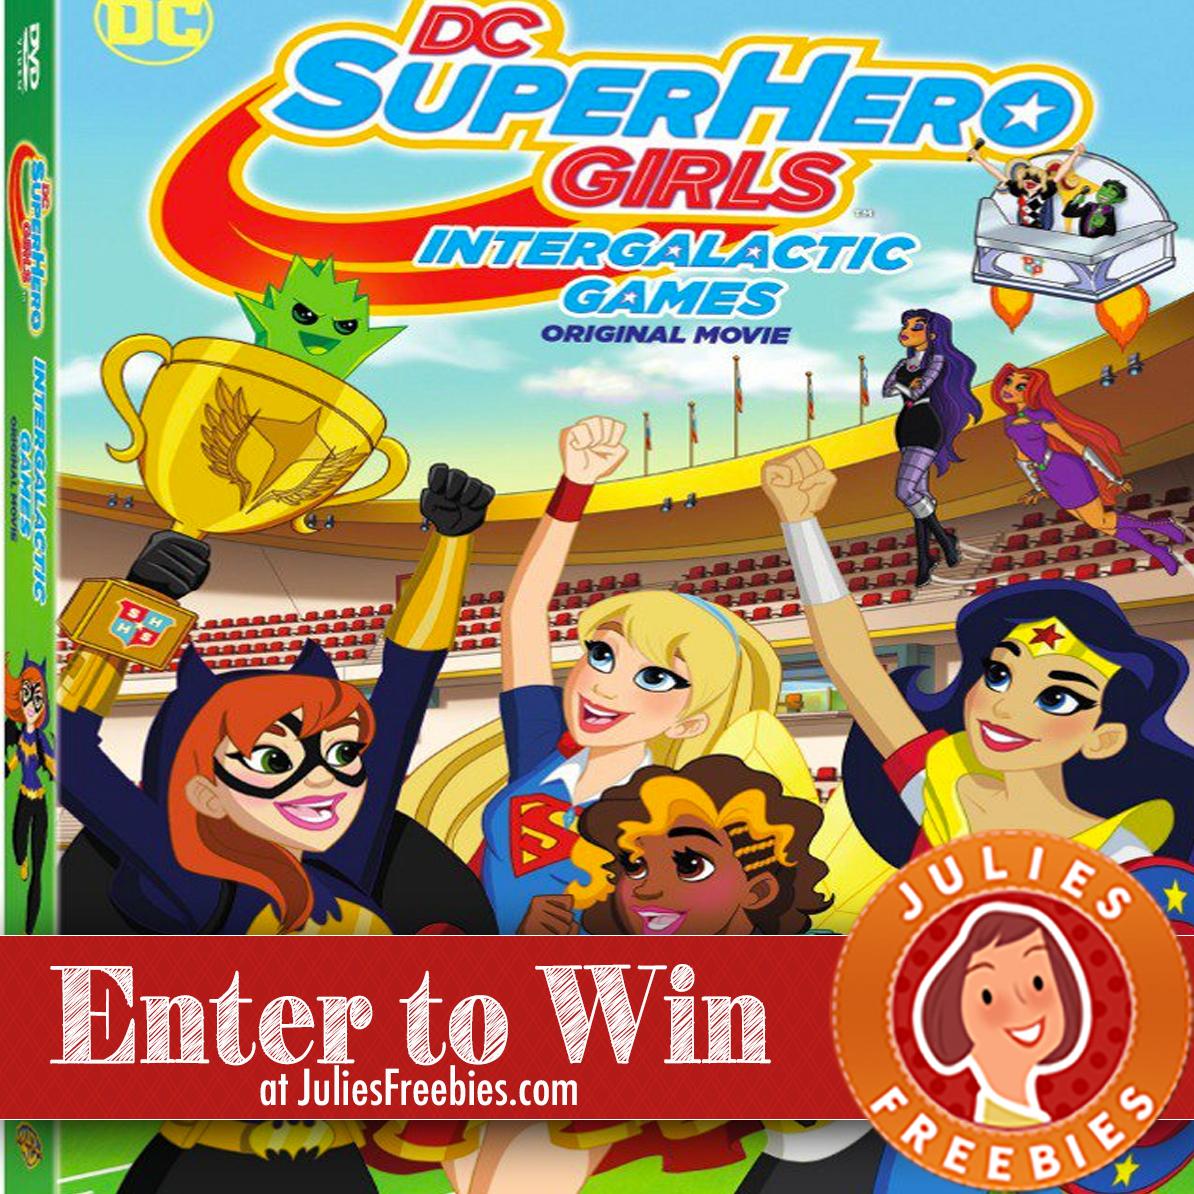 dc superhero high intergalactic games full movie
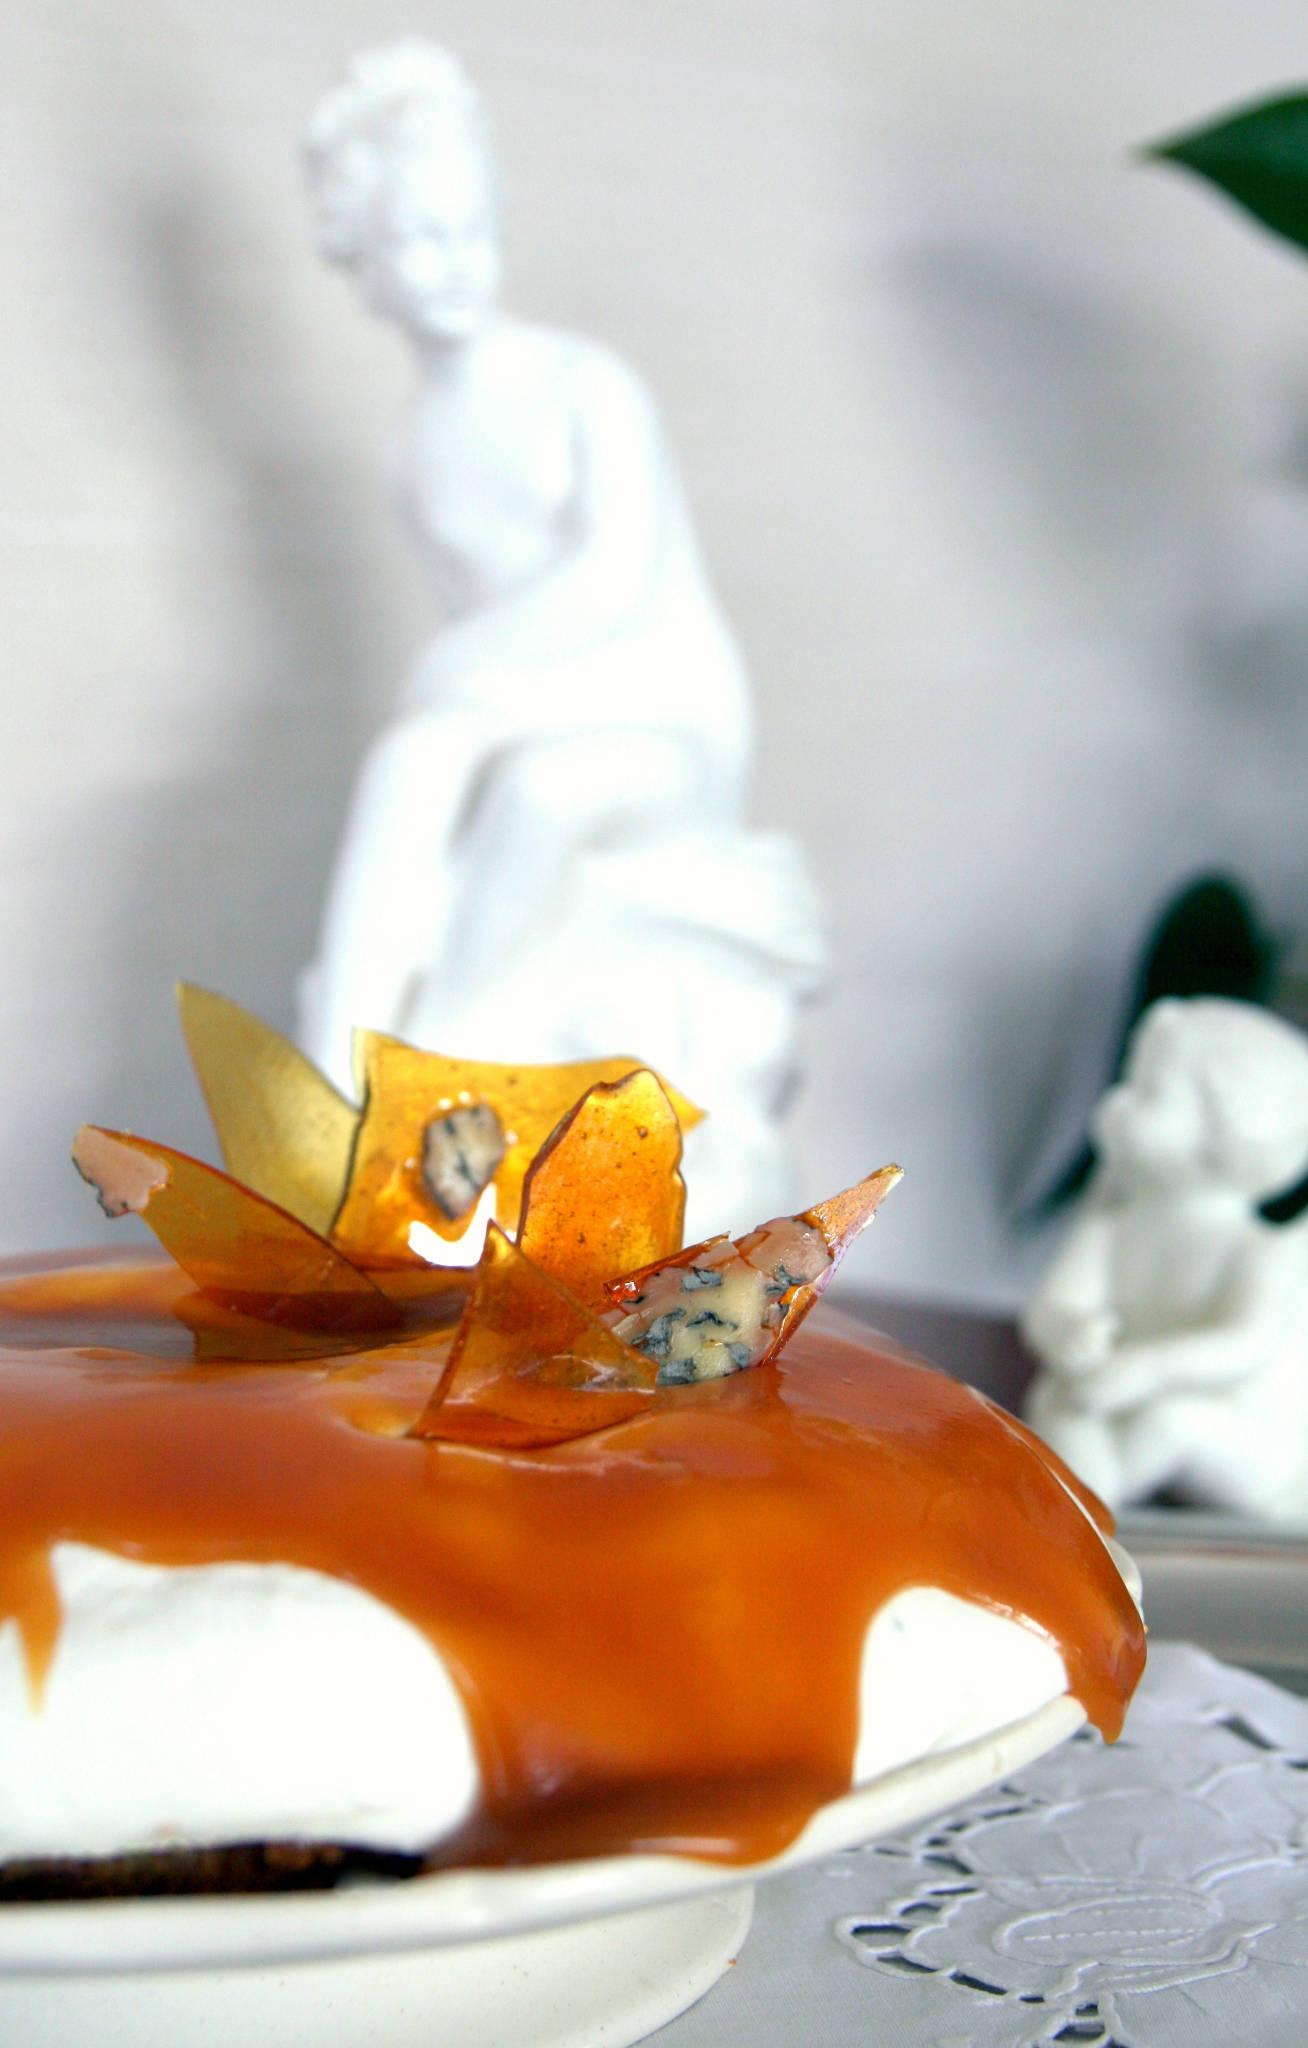 Cheesecake à la Fourme d'Ambert et au caramel
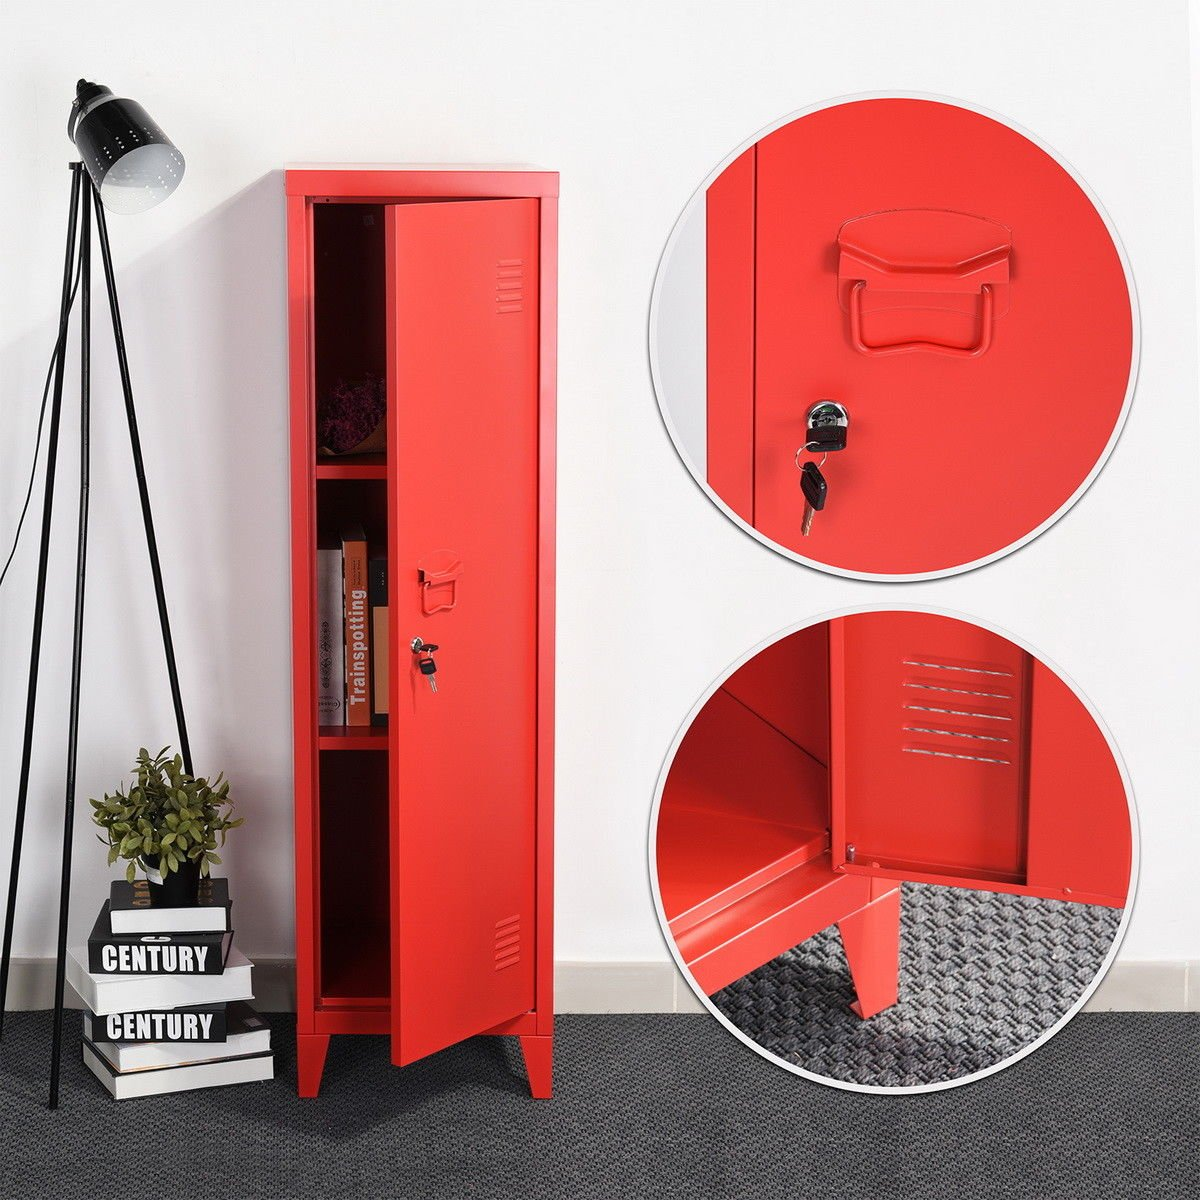 HouseinBox Office File Storage Metal Cabinet 3 Door Cupboard Locker Organizer Console Stand 3-in-1 (RED-Standing Locker) by HouseinBox (Image #3)

**What to produce**
The whole listing above must be set down again exactly, but without its images.

**Reply to the exercise**
 dc superhero high intergalactic games full movie
 Cheesecake à la Fourme d'Ambert et au caramel
 HouseinBox Office File Storage Metal Cabinet 3 Door Cupboard Locker Organizer Console Stand 3-in-1 (RED-Standing Locker) by HouseinBox (Image #3)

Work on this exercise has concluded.